Worth the risk? Only the individual can tell...


----------



## JimKE (Oct 28, 2016)

I'm really not concerned much with the implications if an "undocumented driver" gets into an accident.

What I am concerned about is the possibility of people driving who have not had:

County criminal history checks
State criminal history checks
Federal criminal history checks
State sexual predator list checks
DHS watchlist checks
Driving history checks
Presumably the car has been inspected, the registration is current and legit, and all the rest. But if some guy is driving under an authorized driver's name (and picture), how do we know they're not a dangerous criminal or a perv?

My concern is first for the safety of pax, and secondly for the integrity of the process. If people are allowed to drive without the backgrounds, is it any wonder there are so many ants out there? And especially at MIA?

I see lots of reasons why Uber might look the other way -- onboarding targets/bonuses, leasing opportunities for vehicles, etc, etc. There is a *lot* of money in this business which has nothing to do with A to B.

And if someone were inclined to push the envelope, God knows Miami is the place where that would happen!


----------



## Reversoul (Feb 8, 2016)

Like riders are ones to talk. I can't count the number of times I've picked up pax that aren't the account holders.


----------



## simpsonsverytall (Nov 6, 2015)

Always use a pax cam when riding in an Uber.


----------



## JimKE (Oct 28, 2016)

Reversoul said:


> Like riders are ones to talk. I can't count the number of times I've picked up pax that aren't the account holders.


First of all, you don't have to take them. That was *your choice*...not a weakness in the system.

Secondly, nobody makes any representations about whether _pax_ might be risky to pick up.

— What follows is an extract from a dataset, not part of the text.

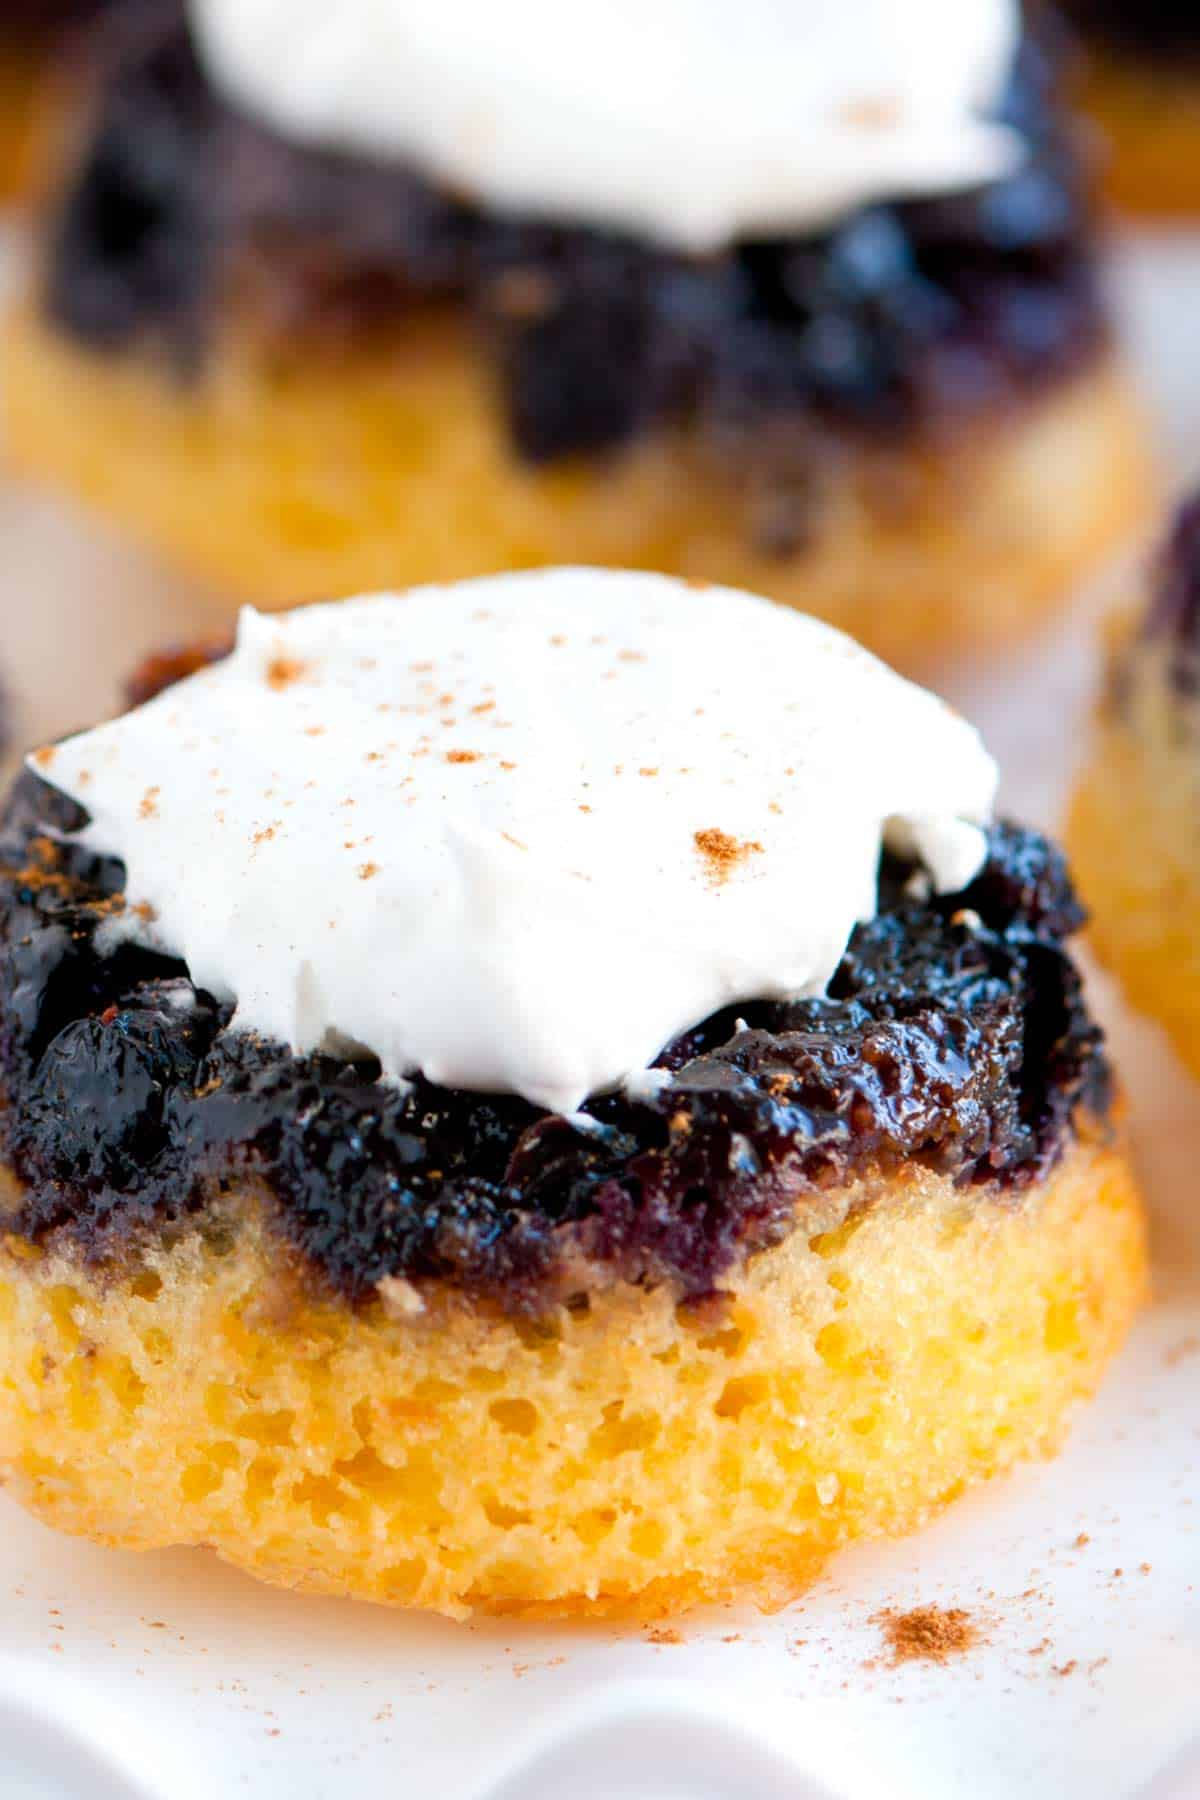 How to Make Mini Blueberry Cakes

But Uber DOES make a huge deal out of all the background checking they do on their drivers.

The* "safe ride"* idea is the core of ridesharing. Cheap, safe, convenient -- that's ridesharing. Take "safe" out of that equation and the whole picture changes.

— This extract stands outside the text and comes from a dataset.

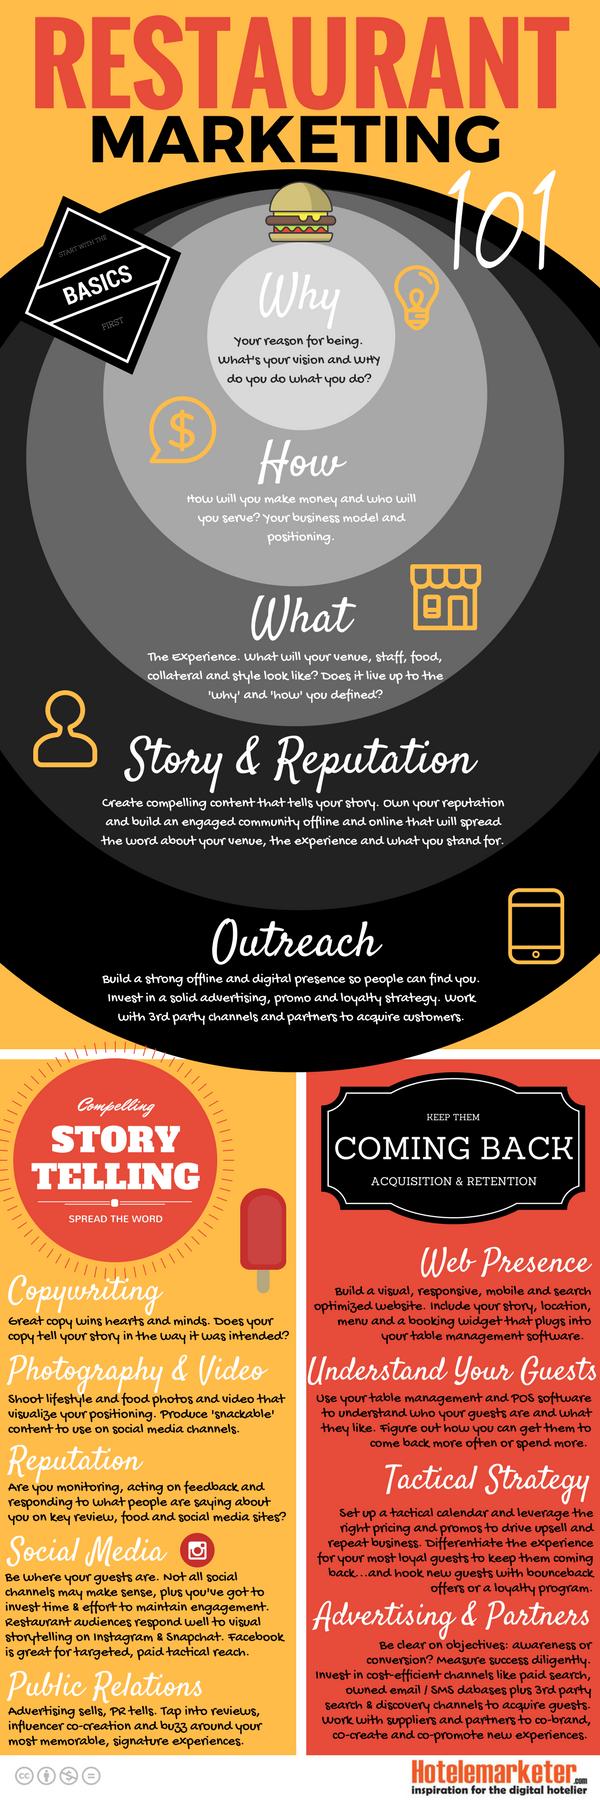 restaurant-marketing-infographic

It's pretty humorous (and disappointing) that nobody here sees the real issue.


----------



## dirtylee (Sep 2, 2015)

It's probably some dude queuing on multiple phones. 

Best way to find a free cell phone is to check the bushes where uber suvs hangout.


----------



## Reversoul (Feb 8, 2016)

JimKE said:


> First of all, you don't have to take them. That was *your choice*...not a weakness in the system.
> 
> Secondly, nobody makes any representations about whether _pax_ might be risky to pick up.
> 
> ...


Of course it's my choice and I do the trips because I don't care either way. I only brought it up because I needed to point out the irony.

I'm not the one whining about it on a DRIVER'S FORUM.

GO CRY TO TRAVIS ABOUT THIS BECAUSE WE DON'T CARE!


----------



## RaleighUber (Dec 4, 2016)

JimKE said:


> It's pretty humorous (and disappointing) that nobody here sees the real issue.


If the pic doesn't match, it means the driver isn't the authorized rideshare driver. I see the issue and it seems likely that some people are driving on other accounts. Doesn't look legit, but not much I can do about other drivers violating TOS. You gave good advice to the pax to report and decline ride.


----------



## MSUGrad9902 (Jun 8, 2016)

The people authorizing other drivers to use their account should be off the platform. Sorry, not sorry. If you want to set up some sort of commercial account with a fleet of cars and drivers, then do it correctly.


----------